New additions in Kalsnava Arboretum’s collection

A visit to the Essen Fair in January 2012 resulted in the establishment of several new valuable contacts. For Kalsnava Arboretum, the offer of unusually diverse conifers from the Kohout collection, near Essen in Germany, was particularly interesting.

Kalsnava Arboretum dendrologist/technician Benita Rudzīte informs:

Hence the challenge to add to Kalsnava Arboretum the unusual conifer tree shapes that grow in Germany’s milder climate. As a result, 23 fir, 9 European spruce, 13 other spruce species and 13 various pine species’ taxas are now in Kalsnava Arboretum collection, preparing for a test of Central Vidzeme Upland climate.
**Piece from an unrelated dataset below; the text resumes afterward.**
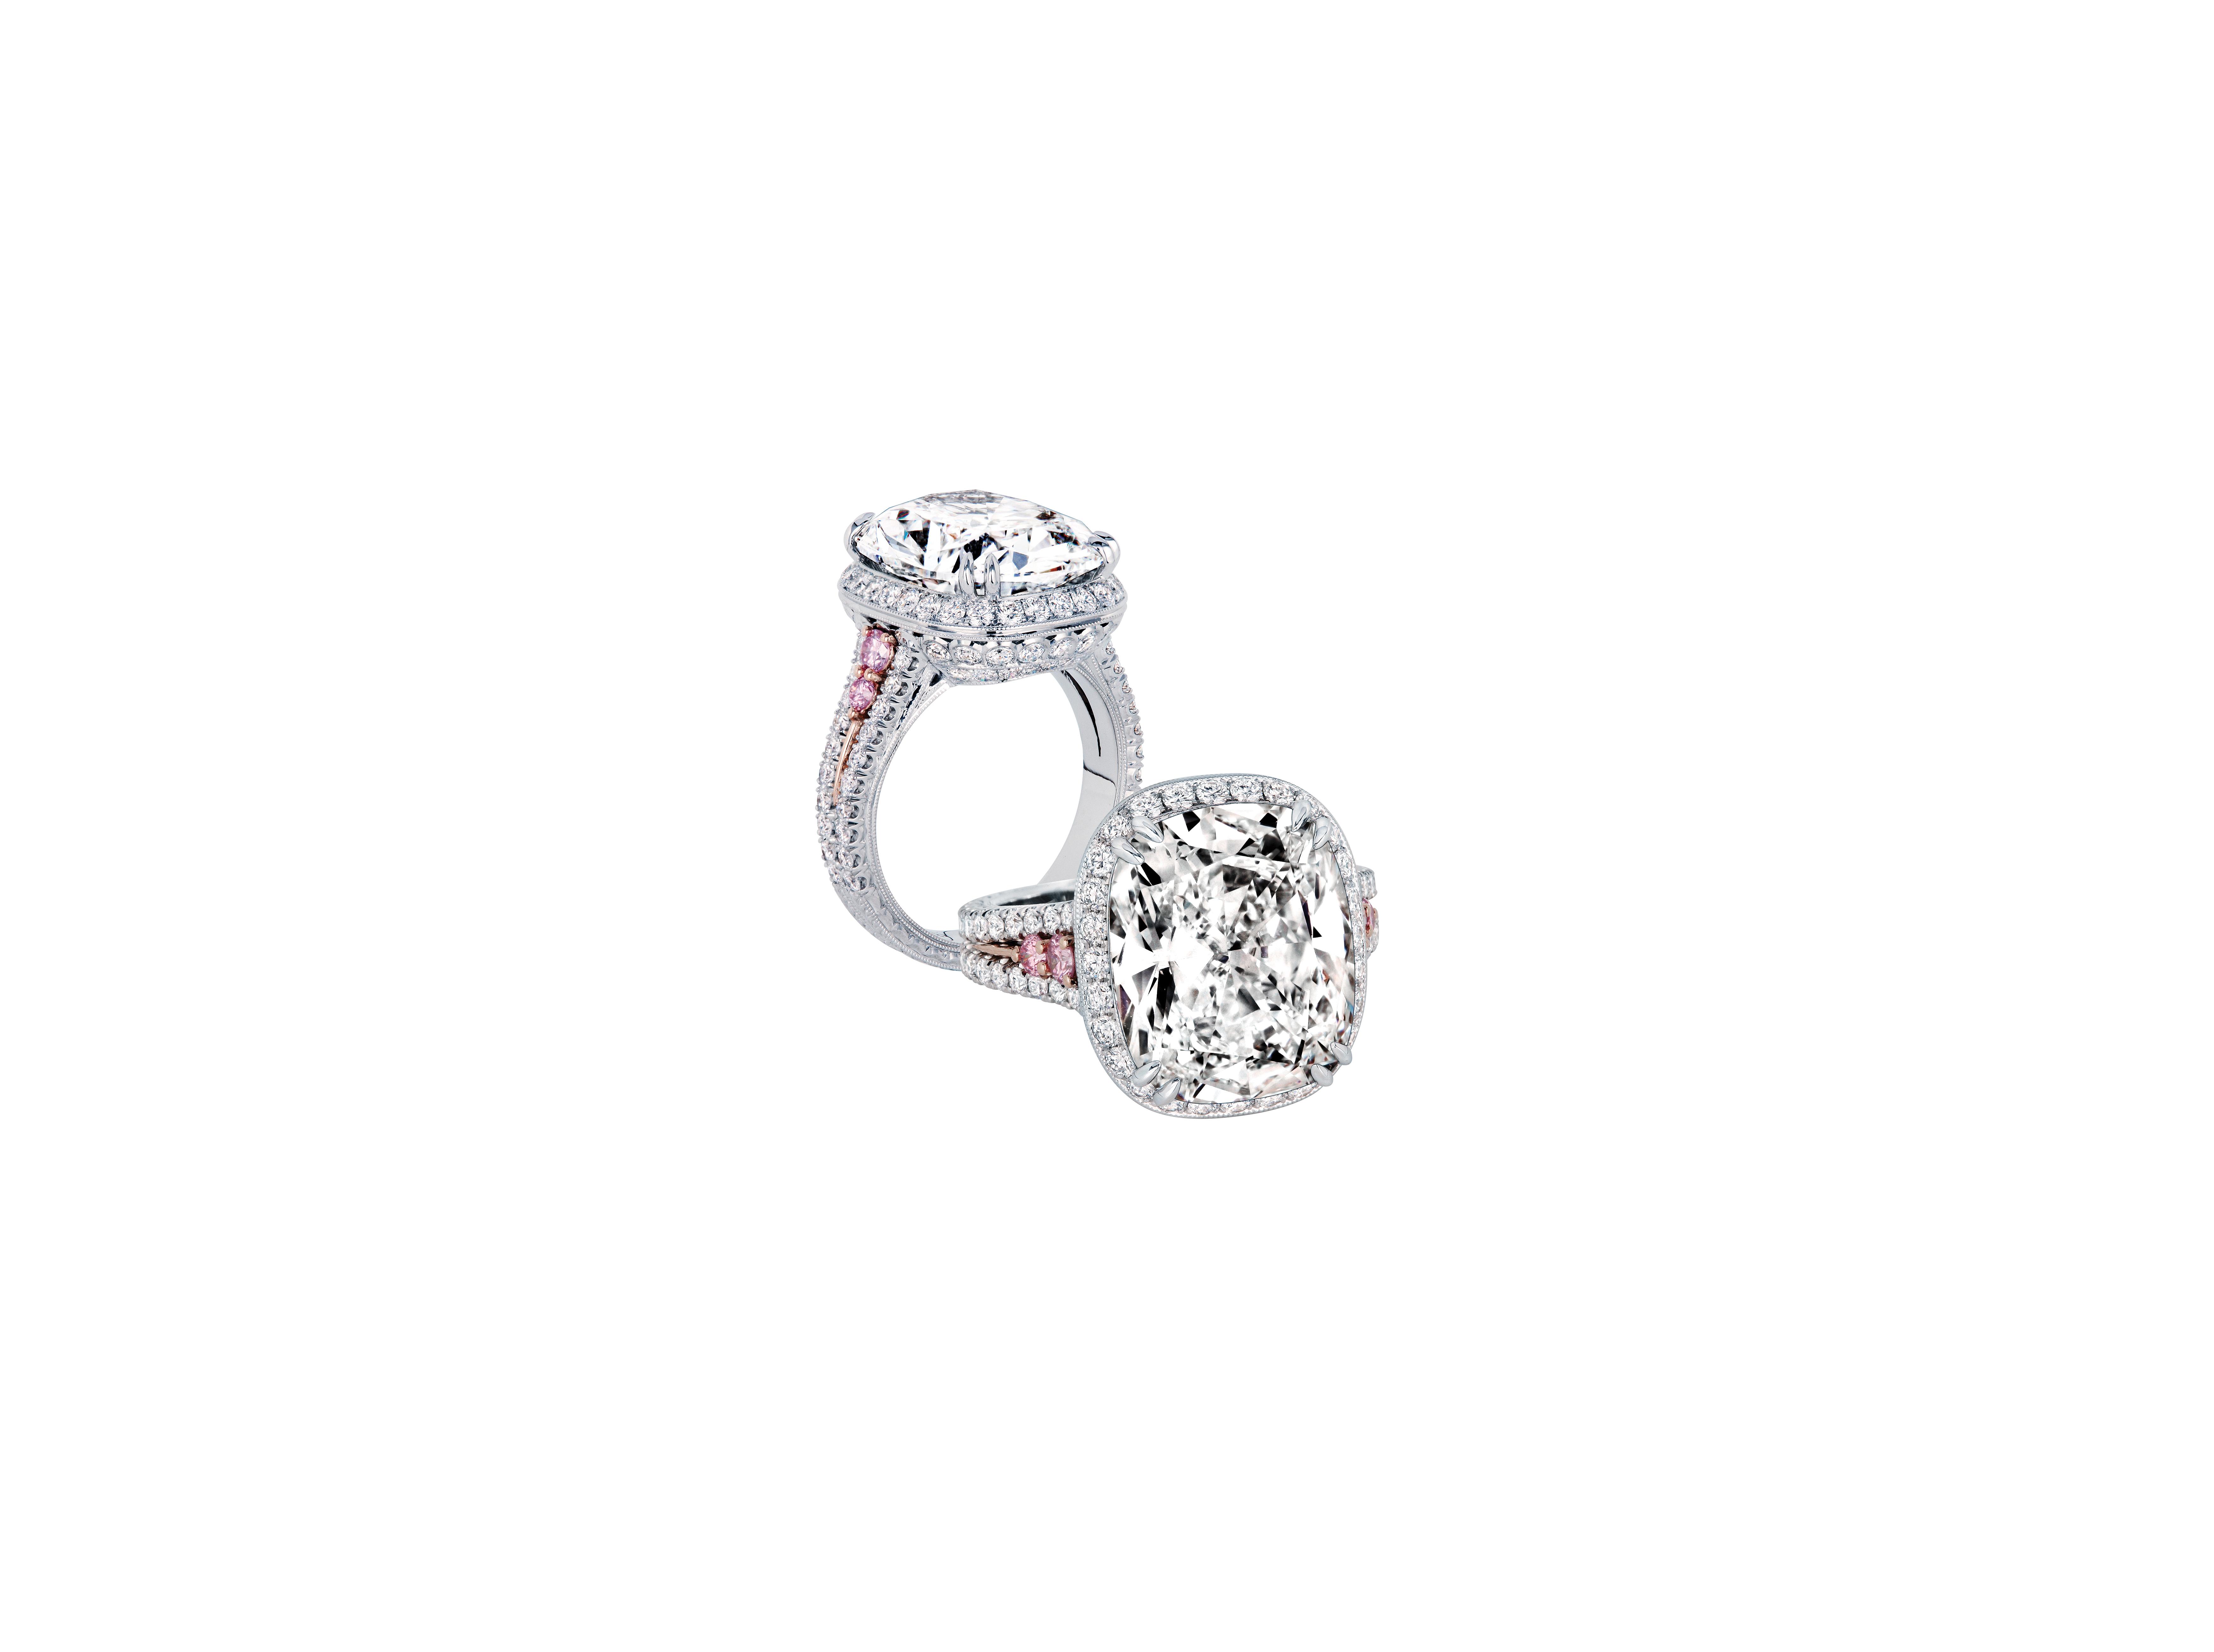 Cushion Cut Diamond Engagement Rings Martha Stewart Weddings

A new collection of trees grown in the arboretum’s sapling hothouse, as a result of new acquisitions from the International Seed Exchange, stands out in an odd contrast when compared to the various shapes and colours of conifers already at the arboretum. The new additions, which are yet being grown, include maidenhair tree /Ginkgo biloba/ from the Botanical Garden of Graz in Austria. Wheel tree /Trochodendron aralioides /from the University of Bergen in Norway is also quite unique. And Elliotia paniculata saplings ordered from the Gothenburg Botanical Garden in Sweden seem to be particularly delicate. It is yet to be seen how mulberry trees /Morus bombicis/ from Pruhonice in the Czech Republic will deal with Latvia’s winter.
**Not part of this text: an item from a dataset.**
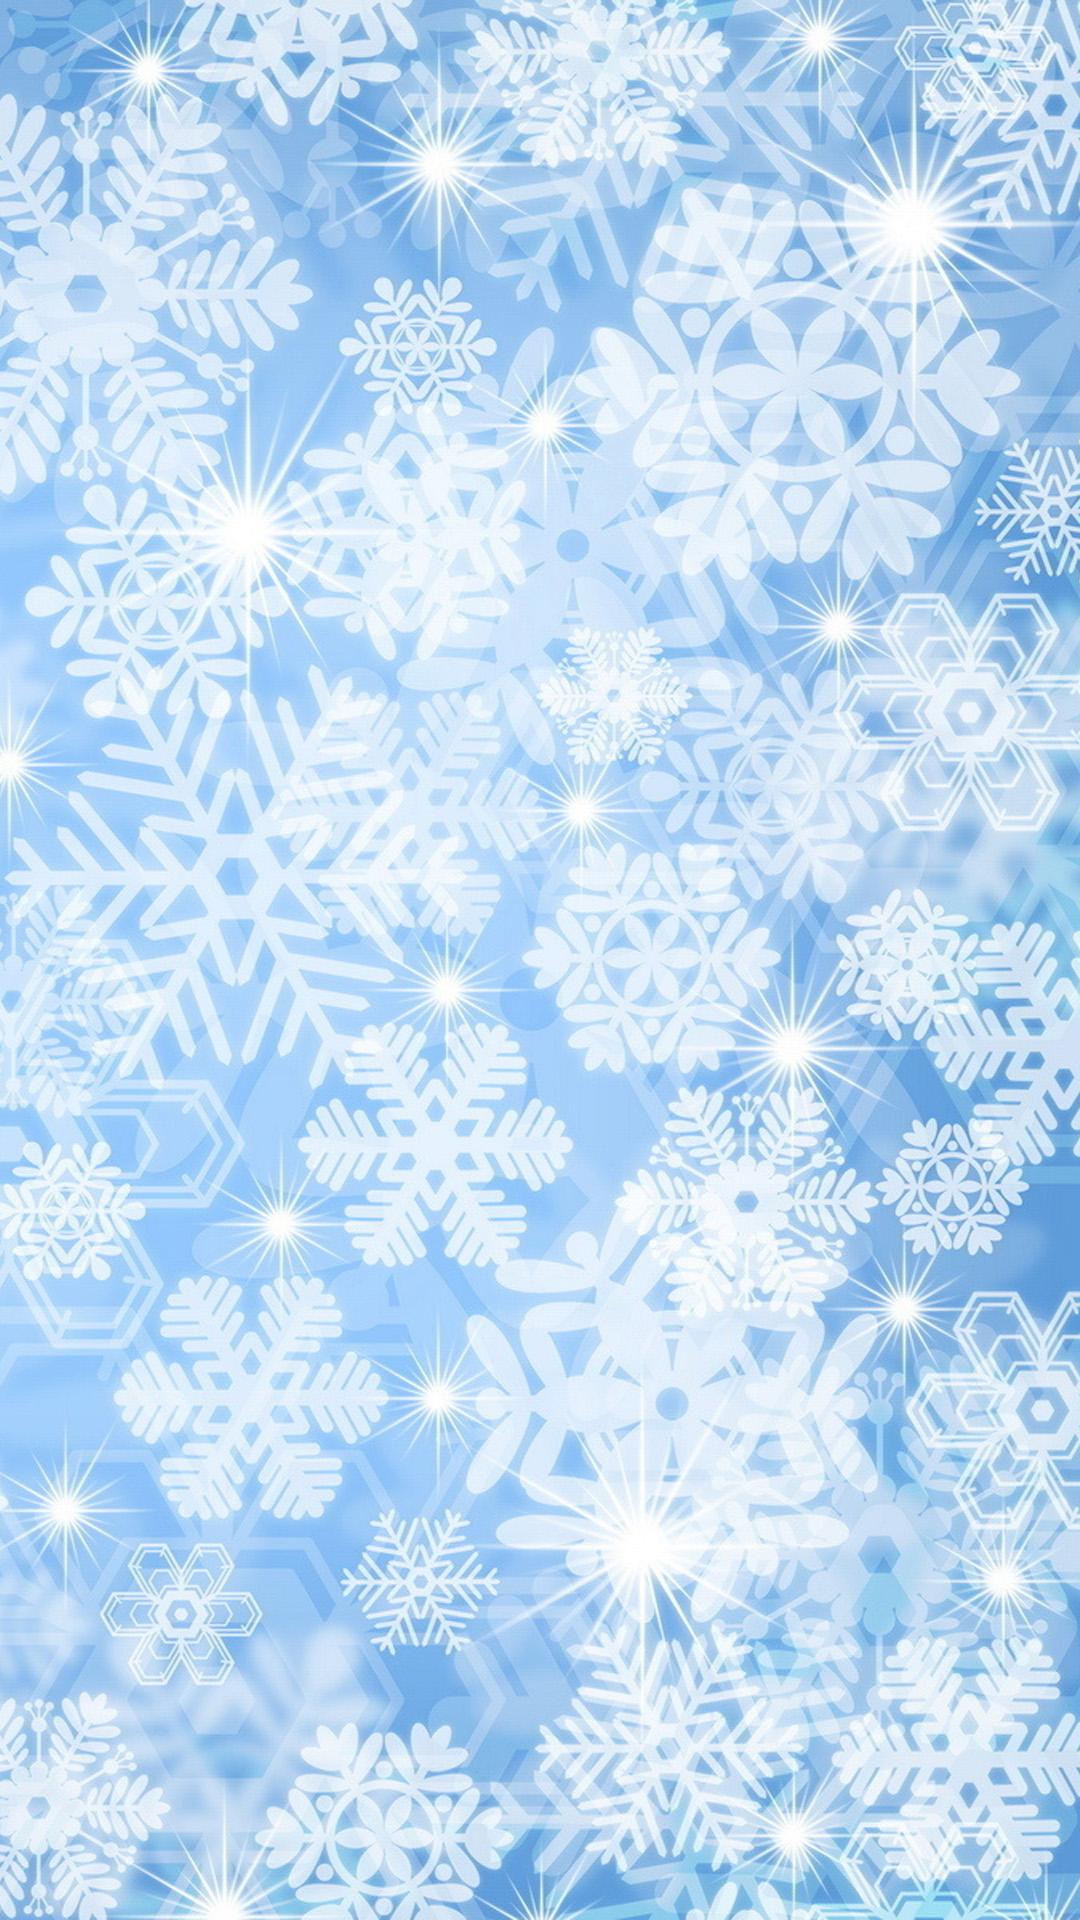 snowflake wallpaper iphone - photo #7

Cotoneasters have already proved that they are able to withstand changeable winter weather in Latvia. This regardless the fact that the seedlings were ordered and received (from 2006 to 2009) from comparatively milder climate area countries: Brno and Pruhonice in the Czech Republic, Bishkek in Kyrgyzstan, from Alpine botanical gardens in Austria.
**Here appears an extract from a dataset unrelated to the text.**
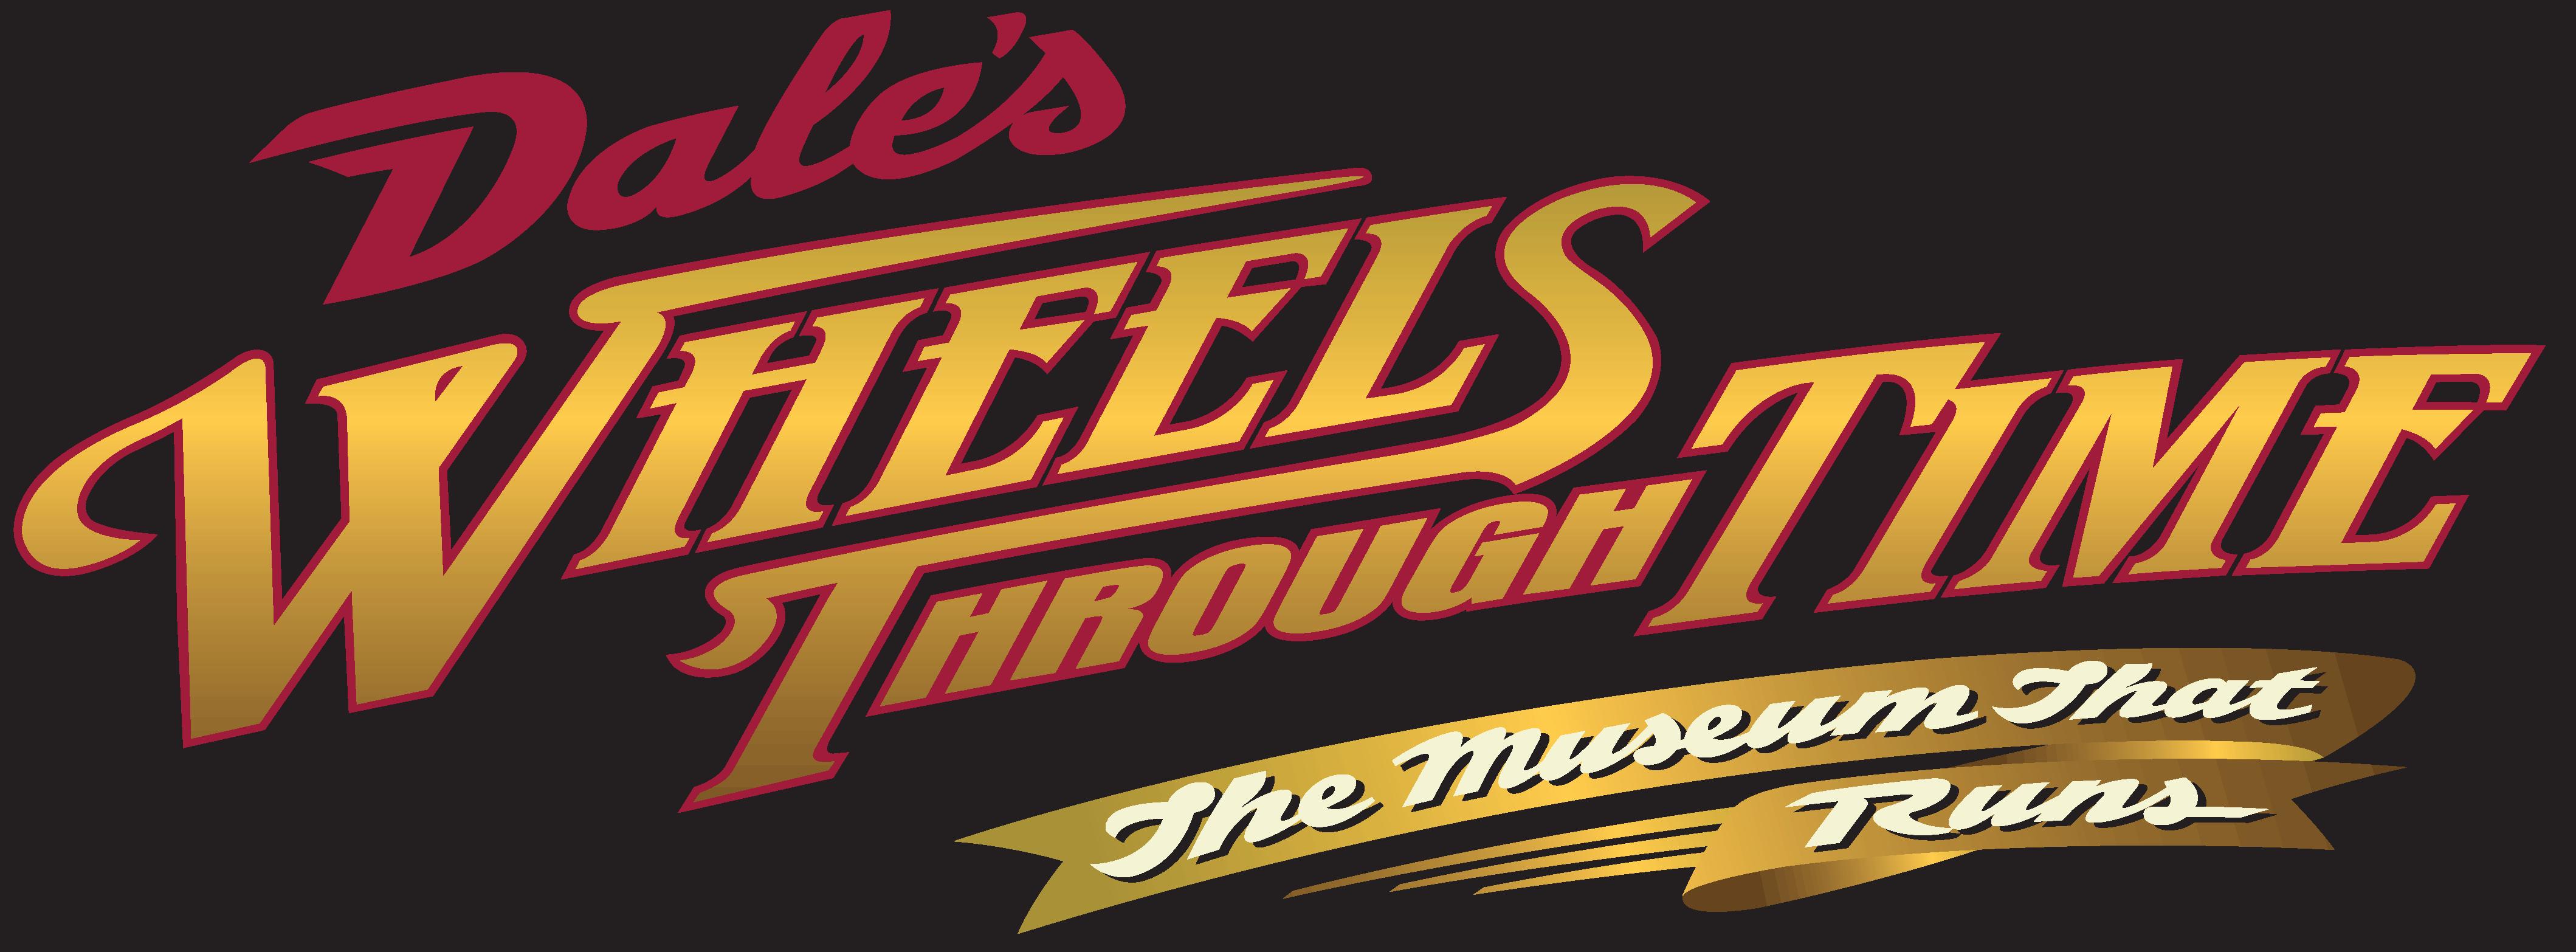 Wheels Through Time

24 European spruce /Picea abies/ and 15 Scots pine /Pinus sylvestris/ grafts from various locations in Latvia (obtained from 2006 to 2010) are being grown at the moment for a comparison of their growth and decorative properties, thanks to the enthusiasm of arboretum head Jānis Zīliņš and the National Botanical Garden Director Andrejs Svilāns, and the contribution of grafting experts Ināra Dzalbe and Vita Šulce.

Additions to the collection in the gallery:

Introduction of new trees and bushes takes many years of work. The final result depends on how well they pass the test of time.